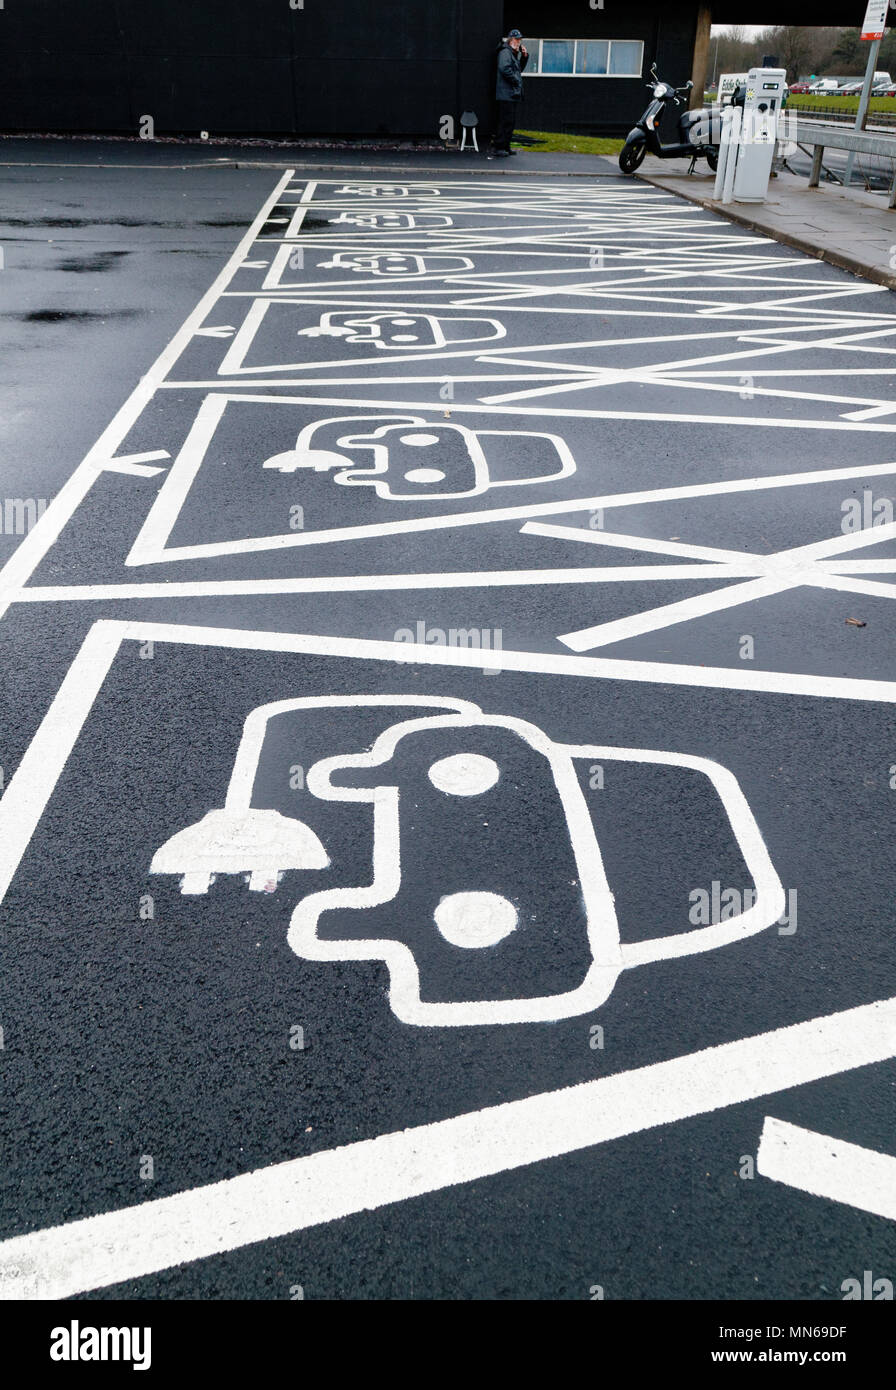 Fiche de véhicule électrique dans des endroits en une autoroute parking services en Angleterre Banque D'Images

...

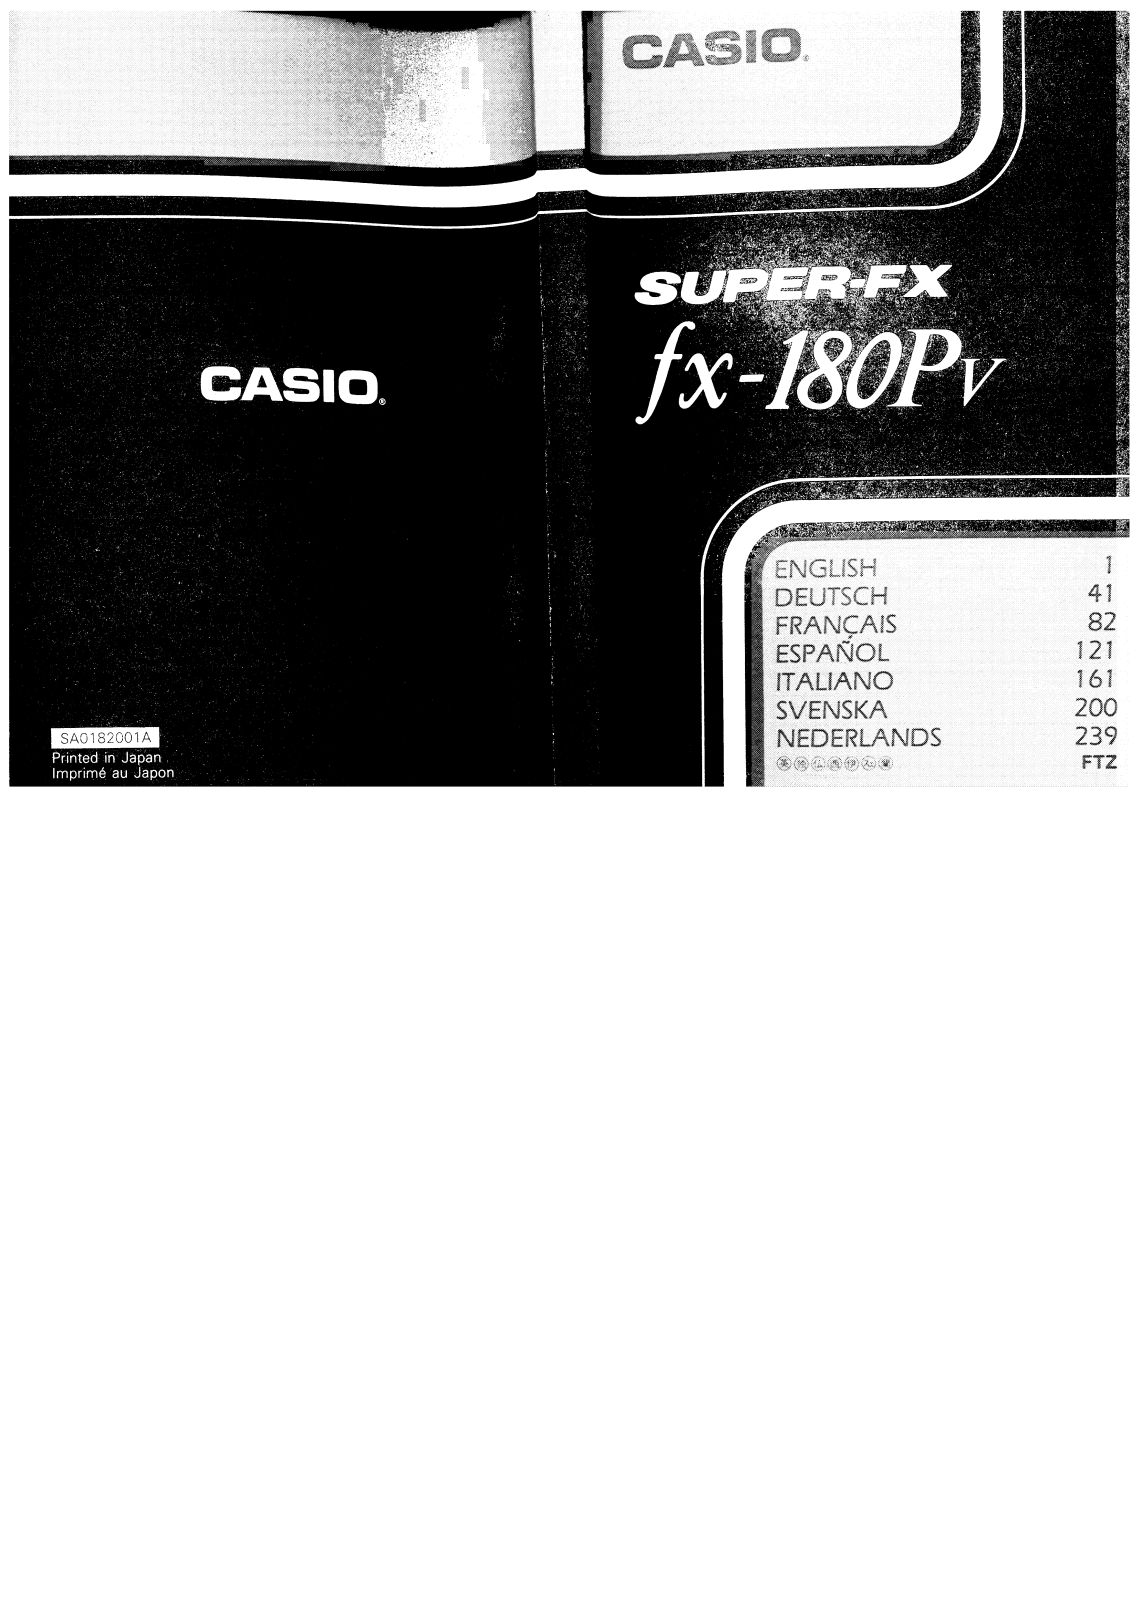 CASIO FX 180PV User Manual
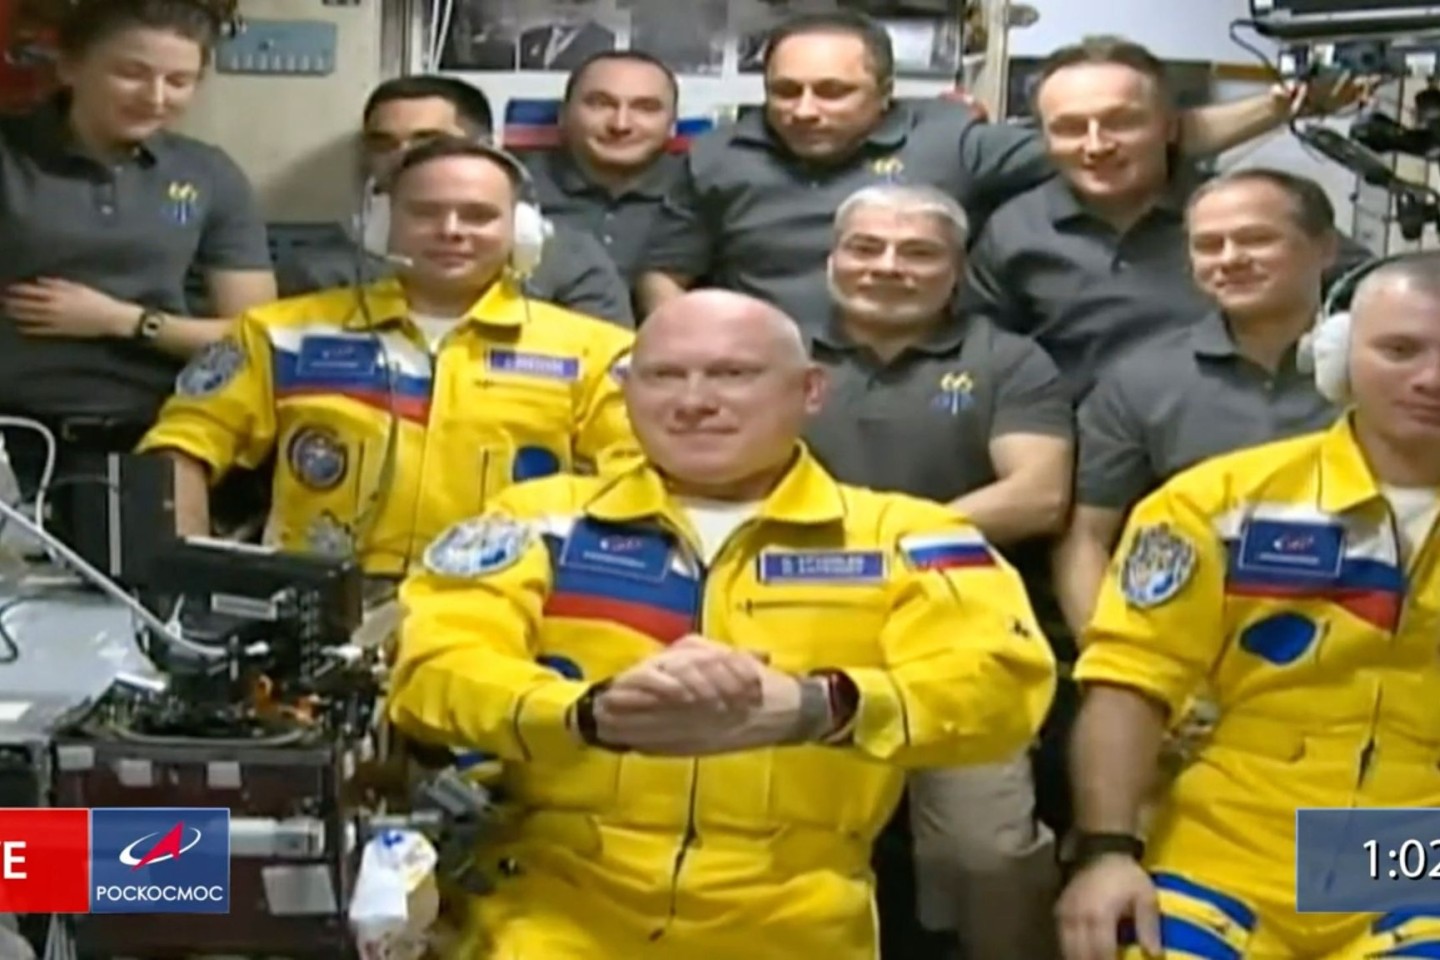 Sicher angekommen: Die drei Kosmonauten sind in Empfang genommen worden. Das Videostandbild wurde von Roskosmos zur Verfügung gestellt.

* * *

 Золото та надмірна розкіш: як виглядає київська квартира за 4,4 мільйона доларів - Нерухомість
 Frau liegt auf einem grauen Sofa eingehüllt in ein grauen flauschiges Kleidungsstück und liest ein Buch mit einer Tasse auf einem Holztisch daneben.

● **Work request**: Return exactly the stretch above whose first line contains "CASIO FX 180PV User Manual" and whose last line contains "Sicher angekommen: Die drei", and nothing outside it. The pictures should not appear.

● **Task response**:
 CASIO FX 180PV User Manual
 Sicher angekommen: Die drei Kosmonauten sind in Empfang genommen worden. Das Videostandbild wurde von Roskosmos zur Verfügung gestellt.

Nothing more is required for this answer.